The Great Depression: Setting the Scene

The Great Depression was an economic crisis of a magnitude never before seen in the United States. During this time, stock prices plummeted, 9,000 banks went out of business, 9 million savings accounts were wiped out, 86,000 businesses failed and wages decreased by an average of 60%. The unemployment rate, previously at 9%, rose to 25%, which left almost 15 million people without jobs.

The country's slide into the Great Depression -- with increasing unemployment, falling production and prices -- continued throughout President Hoover's term of office from 1929 to 1933.

The problems were compounded since the United States, unlike Europe, had no effective system of unemployment insurance to protect against job loss. It was toward the end of his term that Hoover created the Reconstruction Finance Corporation, a federal agency that would later become key in stabilizing the shaky credit situation that threatened all sectors of the national economy.

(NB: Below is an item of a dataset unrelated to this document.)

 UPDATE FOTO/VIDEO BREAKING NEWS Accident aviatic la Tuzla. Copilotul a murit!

Jesse Jones: Helping America Heal

In the 1920's, prior to the Great Depression, Jesse Jones embarked on the most ambitious phase of his building career. He filled the city's Main Street with its tallest buildings, its most ornate theaters and its grandest hotels. Gulf Oil Building

As the decade came to an end, Jones continued to expand his empire, completing a 35-story art deco building in 1929 that would be home to the Gulf Oil Company and his National Bank of Commerce. Shortly after the building opened, the stock market crashed and the nation plunged into the Great Depression.

When it became apparent that two failing Houston banks were about to bring down all the others, Mr. Jones called the city's leading businessmen to his office to work out a plan that would allow the stable banks and several local companies to rescue the two faltering banks. As a result of Jones' leadership, no banks in Houston failed during the Great Depression. His work did not go unnoticed.

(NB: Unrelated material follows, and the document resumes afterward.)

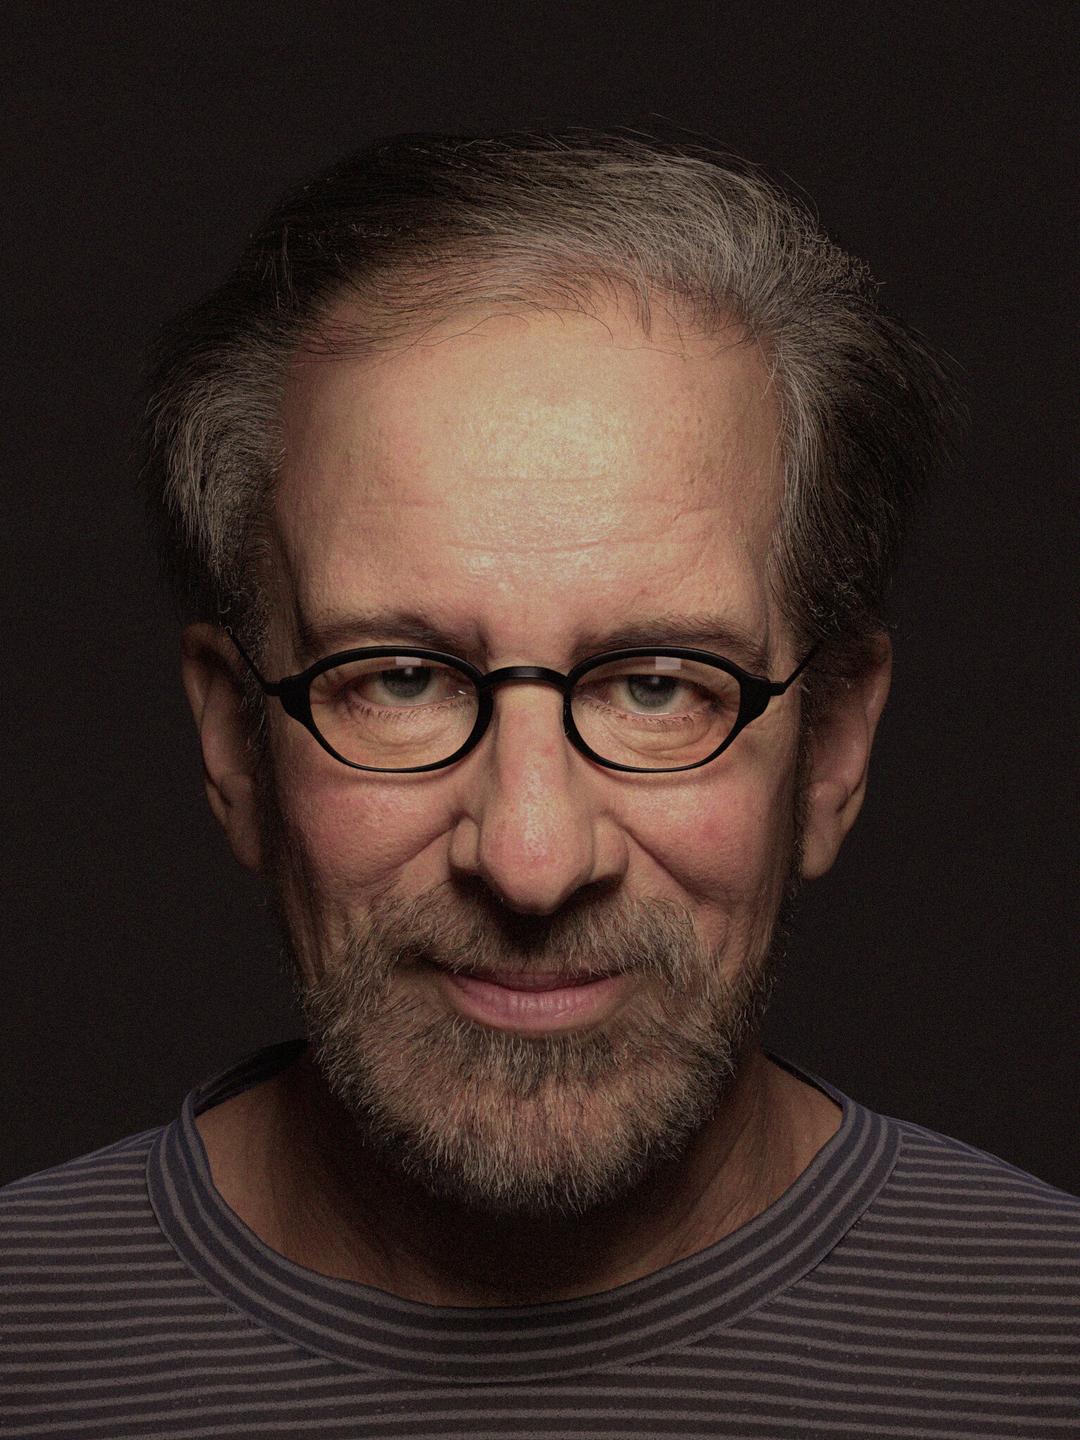 Steven Spielberg love story
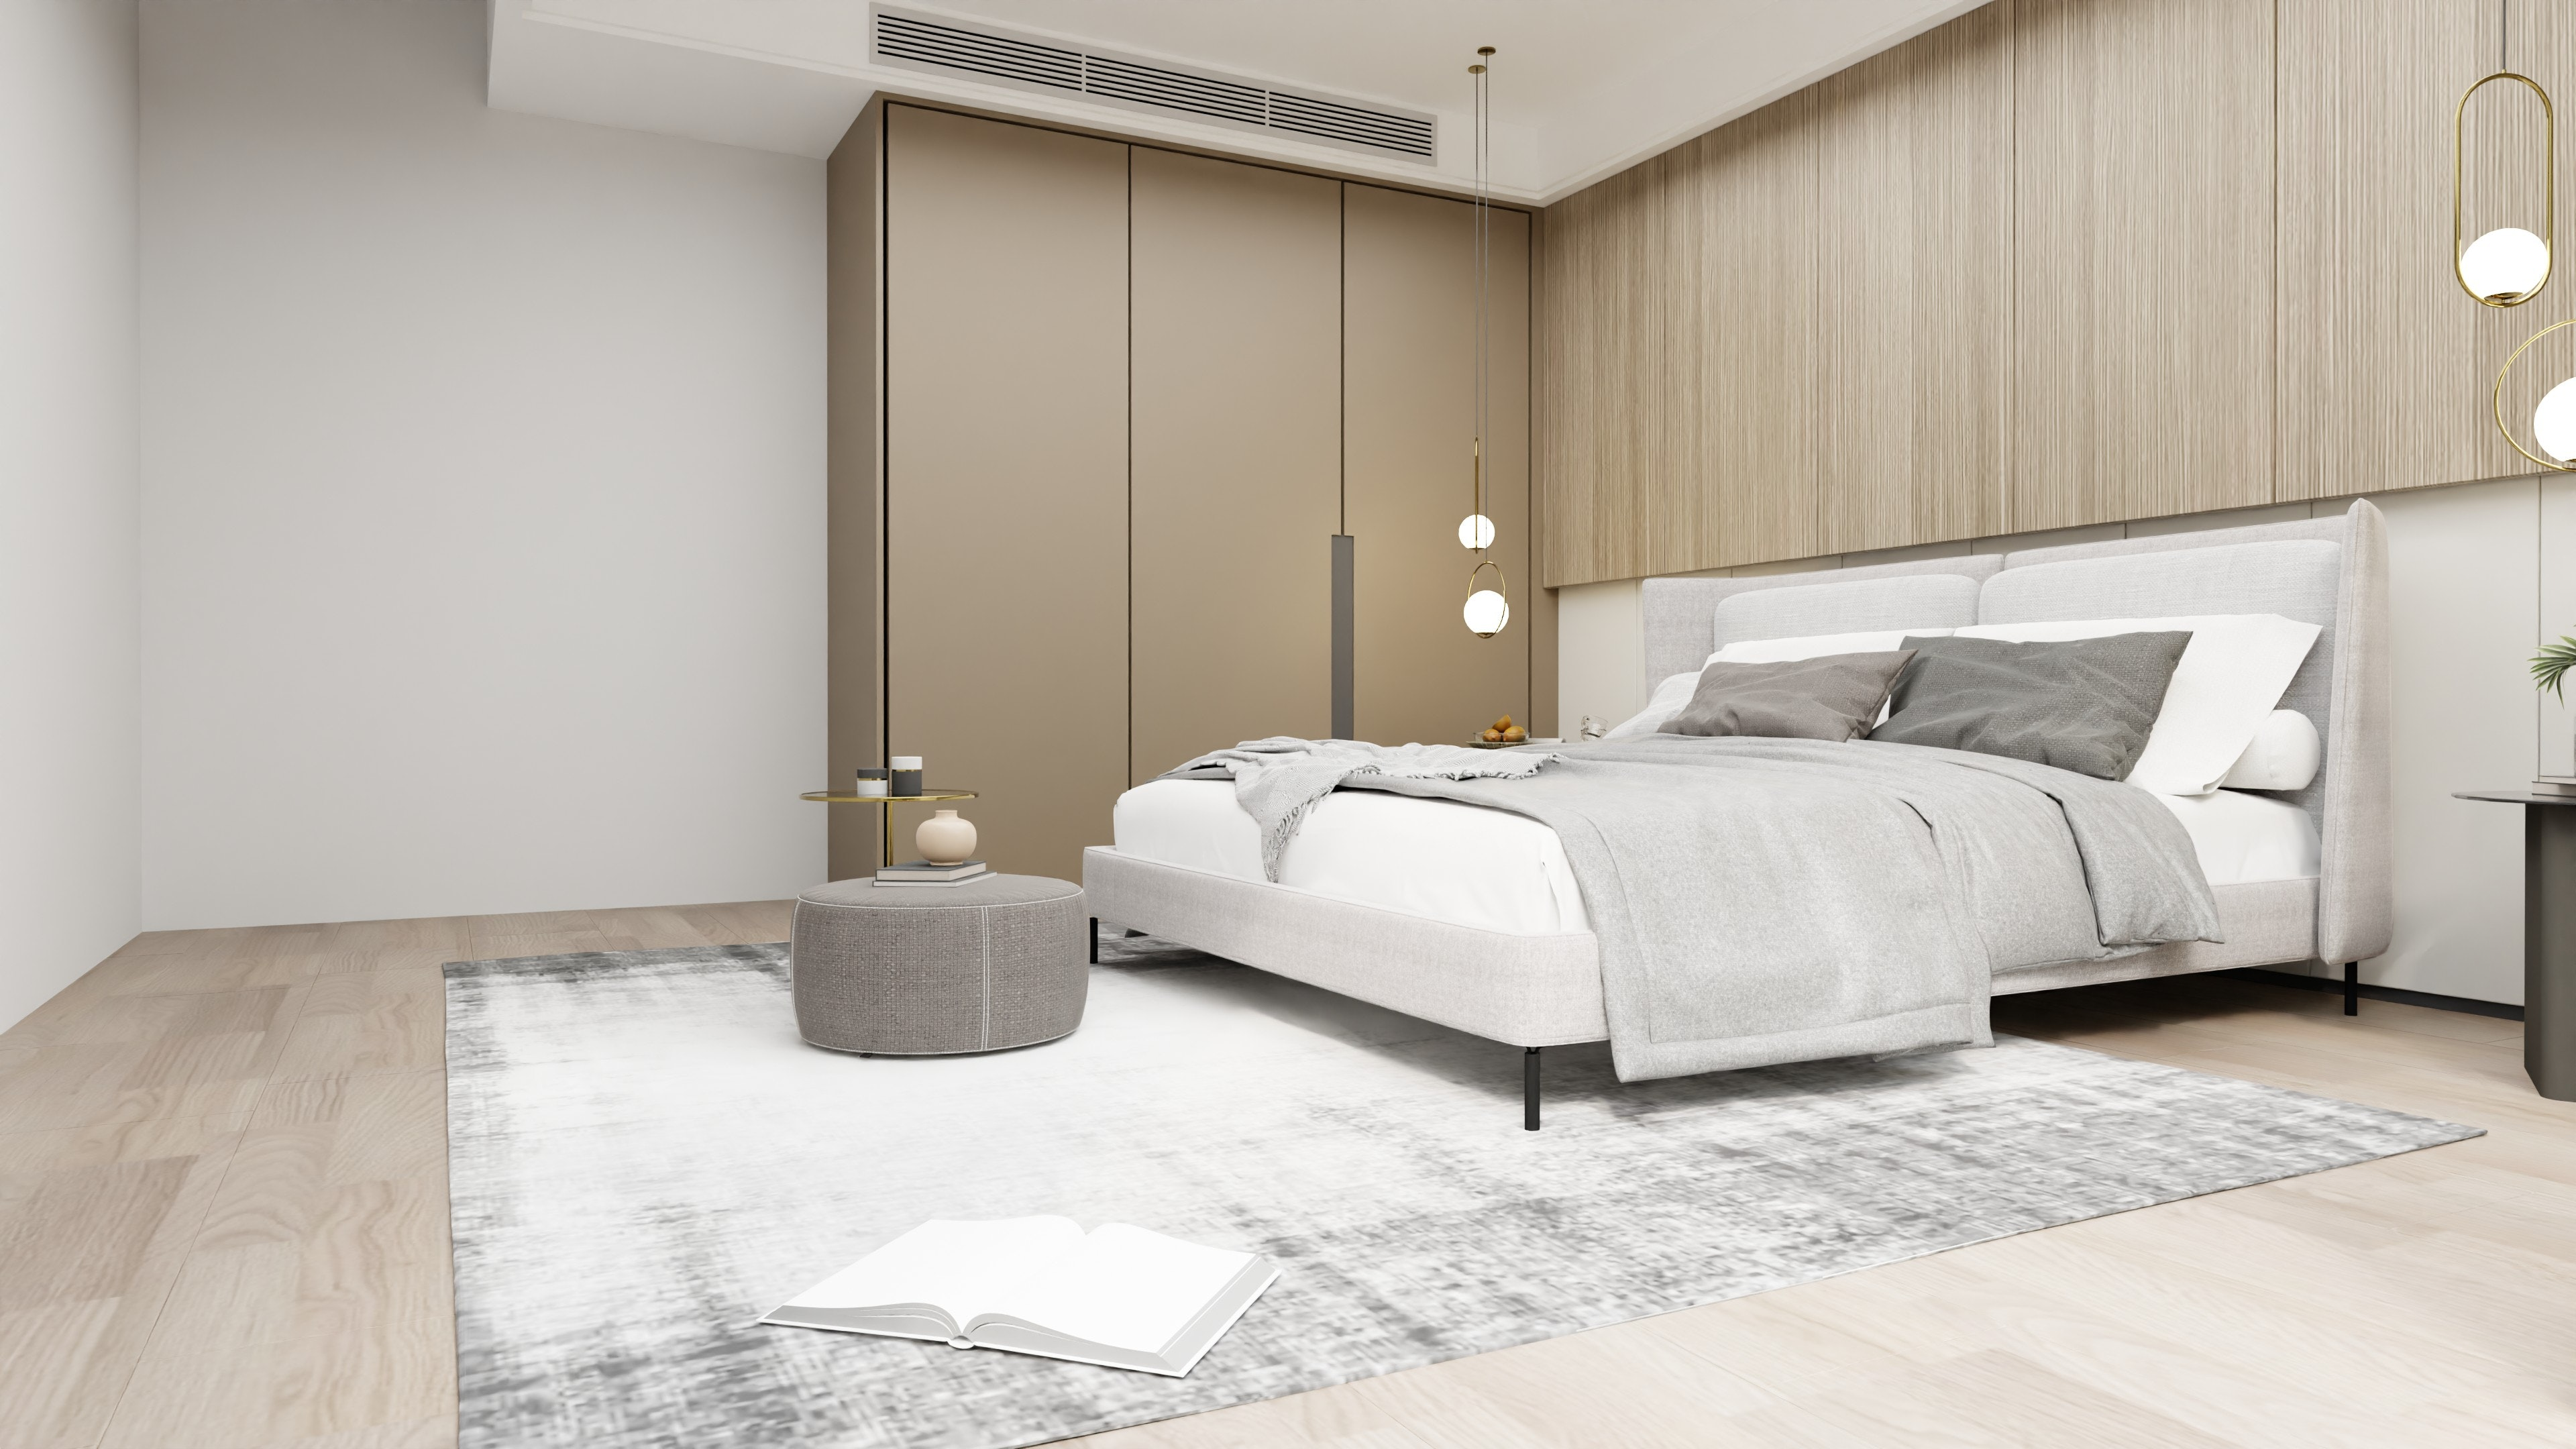 Image credit: https://www.pexels.com/photo/minimal-interior-design-of-a-bedroom-12277278/

Jesse Jones' business and financial acumen were called upon during the depths of the Great Depression when President Herbert Hoover asked him to serve on the board of the newly created Reconstruction Finance Corporation (RFC). This federal corporation, whose creation was initiated by Hoover, had capital of $500,000,000 and authority to borrow three billion more from the Treasury and from private sources.

When Hoover first made his bold, imaginative proposal to bring the still-powerful credit of the United States to the support of individual institutions, he believed that it would be used primarily by smaller banks and financial institutions and by the railroads. He anticipated that the RFC's major contribution would be to stop deflation in agriculture and industry. Jones, however, was convinced that President Hoover had been too optimistic in thinking that the big banks and industries would not need assistance. In this, he was soon proved correct. Not only did Bank of America, the nation's biggest banking chain, need cash to meet withdrawals, but the greatest railroad system in the United States was also in deep trouble.